One reaction to my entry saying you shouldn't create new templating languages is to ask why this is so. My original entry was written from the perspective of someone who's actually done this so I just assumed that all of the problems with creating your own were obvious, but this is not necessarily the case. So let's run down the problems here.

When you create a new web templating system, you face a number of problems:

  • You need to design the templating language. Language design is hard and my own experience strongly suggests that you don't want a (too) minimal design. Many of the design decisions you make here will constrain your further steps and what can be done with the templating system, often in ways that are not necessarily obvious until later.

    (A too complicated templating language has its own drawbacks as well, but there are tradeoffs and decisions that depend on the environment that the templating system will be used in. For example, are the people writing the templates also going to be coding the web app, so that you can move complexity from the templating language to the app itself, or are different groups doing each side of things?)

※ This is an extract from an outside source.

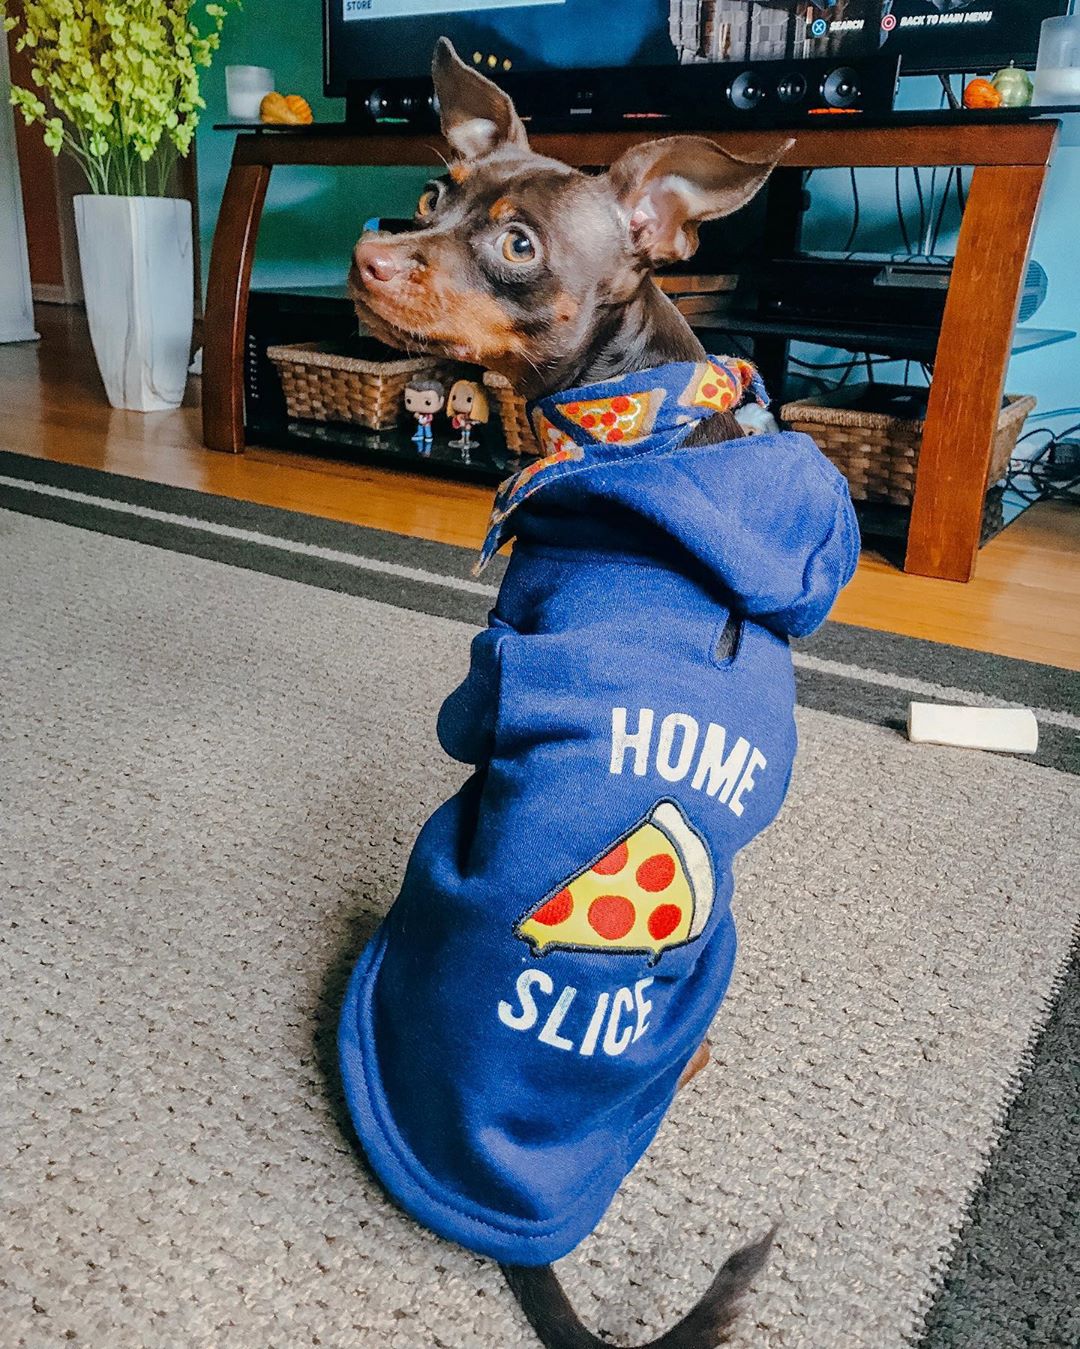 A Miniature Pinscher wearing blue jacket with pizza print while sitting on the carpet

  • You need to design the API for using the templating system; how you specify and load templates, how you expand them, how you provide data used during expansion, and so on. As part of this you will face issues of what happens in various sorts of errors. If your template language has loops or other potentially unbound constructs, you're going to need to decide how you limit them (or if you just let template coding errors cause template expansion to run forever).

    One issue that you will want to consider is how expansion strings will or won't be automatically escaped by the templating system. Not doing escaping at all has proven to be extremely dangerous, but at the same time inserting unescaped text is sometimes necessary. HTML has several different contexts that need different sorts of things escaped, then there's URLs, and you may also want your templating system to be useful for more than HTML.

  • You need to actually write all of the code. I hope that by now you see that this is much more sophisticated than just printf expansion of strings; we're talking about a full scale parser and interpreter of your language, which probably has conditions, loops, and so on. In the process of this (if you haven't already done so earlier), you're going to wind up dealing with character set conversion issues.

  • Once you've written the basic template handler there are a bunch of efficiency issues that come into the picture. A good template system does not reparse everything from scratch on every request, which means both pre-parsing things and figuring out how to detect when you need to reload changed template files off disk. Then there's various sorts of caching for template expansion, and perhaps you want some way to generate ETag and Last-Modified information without running a full template expansion (and then often throwing away the result). Can you write out partial template results in chunks to hold down memory requirements, or do you have to fully generate even huge pages in memory before you can start output?

    (And there's the efficiency issue of simply making the code run fast. Profiling and performance tuning code takes work all by itself.)

You can write simpler templating systems that skip some or many of these considerations. Some of them are relatively unimportant at small scale (DWiki gets by without any sort of template preparsing) but others may cause you serious security problems if you neglect them. On top of that, there are any number of issues that have proven to be inobvious to people who are writing their first templating system. No matter what scale of templating system you're writing, you can expect to run into problems that you don't even initially recognize or realize that you have.

(I'm not even convinced I know how to design and write a good templating system, and I have the advantage of having done it once already.)

Using an existing templating system instead of writing your own has the great advantage that other people have already worried about and faced all of these issues. If you pick a good templating system, other people should have already invested all of the time and work to come up with good solutions (and they will continue to put effort into things like bug fixes and performance improvements). In fact they may well have solved problems you don't yet realize even exist.

All of that work saving is nice. But there's a deeper reason not to roll your own here:

You are probably not going to do as good a job as existing template systems do.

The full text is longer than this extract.